Pattie is to invest sufficient cash to obtain a 3/7 interest in the partnership.
Questions:
12. Bry’s adjusted capital before the admission of Pattie.
13. The amount of cash investment by Pattie.
PROBLEM NO. 4
On June 1, 2023, the business assets of Jo, Anna, and Reyes appear below:
Jo Anna Reyes
Cash P151,200 P203,800 P199,100
Accounts receivable 340,150 90,700 123,400
Allowance for bad debts (20,550) (5,600) (12,500)
Land - - 550,500
Building 332,660 - 300,000
Accum. Dep – Bldng (102,000) - (113,000)
Machine - 250,400 -
Accum. Dep – Machine - (100,400) -
Equipment - 340,500 -
Accum. Dep - Equipment - (67,250) -
Accounts payable 154,000 177,000 169,500
Notes payable - 250,000 40,000
Mortgage payable 111,000 - 34,220

Jo, Anna and Reyes agreed to form a partnership contributing their respective assets and liabilities subject
to the following adjustments:

 The partnership will not assume the mortgage on Jo’s building.


 Allowance for bad debts of each individual will be increased by 10% of their respective accounts
receivable balances.
 Reyes’ building should be written down to its recoverable amount of P131,500.
 Jo’s building has an appraised value of P320,440.
 The value of the machine will be written down by P30,000.
Profit – sharing ratio is 3:3:6 to Anna, Reyes, and Jo, respectively.
Questions:
14. Assuming that the partnership agreement is that the capital is equal to the net assets invested. How
much is the capital balance of Anna?
15. Using the information in # 14, how much is the capital balance of Jo?
16. Using the information in # 14, who has the highest capital balance?

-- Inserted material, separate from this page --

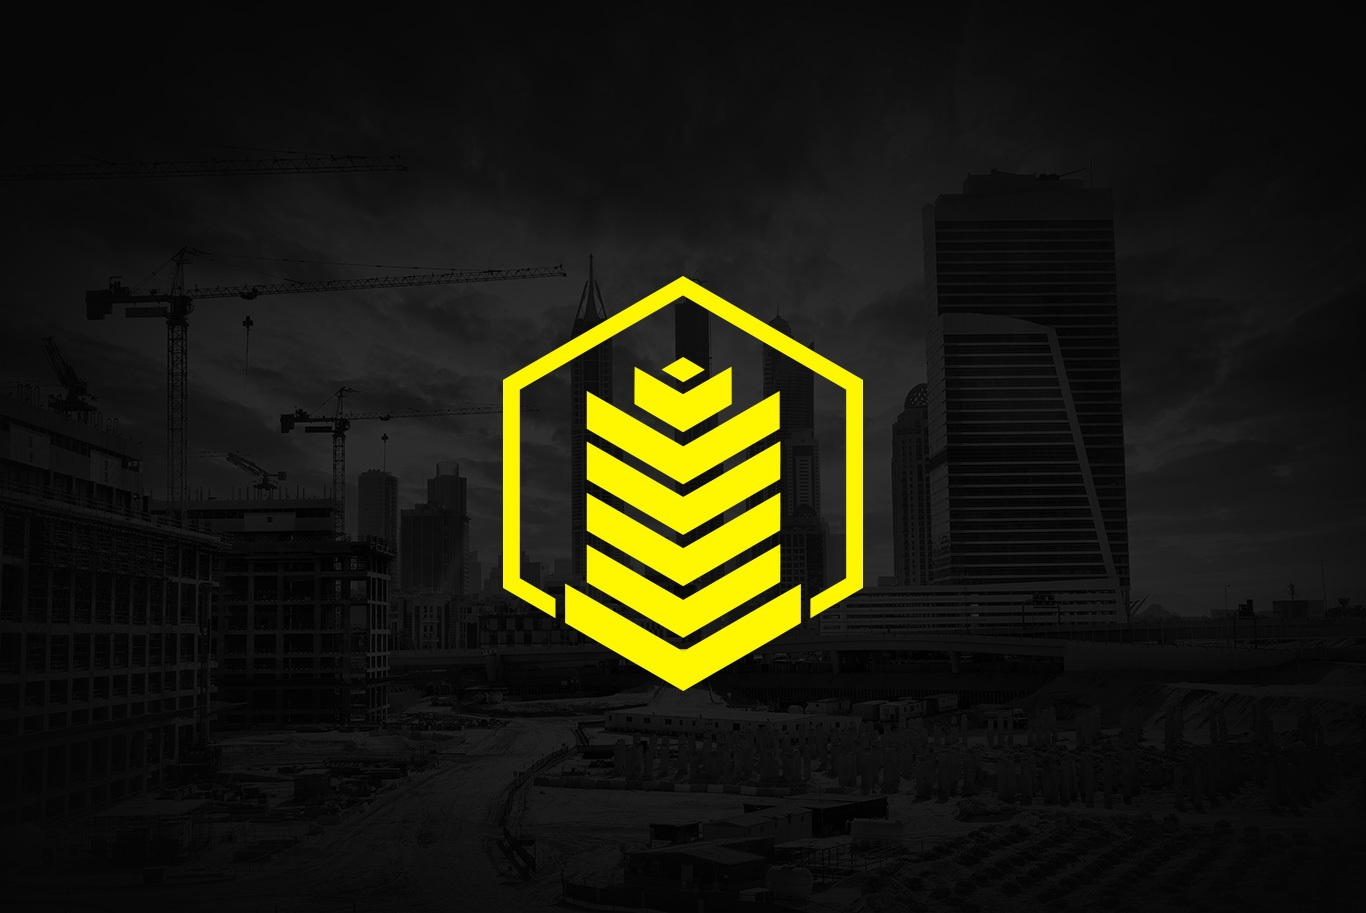 gunther logo and symbol designed by vandalia studio

17. Assuming that the partnership agreement is that partners should have an equal interest in
partnership capital, how much was the bonus to Jo?
18. Using the information in # 16, how much was deducted from the capital balance of Reyes?

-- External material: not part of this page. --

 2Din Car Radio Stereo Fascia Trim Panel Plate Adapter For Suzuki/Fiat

19. Assuming that the partnership agreement is that capital accounts should be in proportion to the
profit-sharing ratio and that the capital of Jo is already in proportion to her profit share ratio, how
much is the required capital of Anna?
20. Using the information in # 19, how much will Reyes invest/withdraw cash in order that her capital
will be in proportion to her profit ratio? Indicate if INVEST or WITHDRAW.
21. Using the information in # 19, how much is the total capital of the partnership?
22. Using the information in # 19, how much is the total asset of the partnership?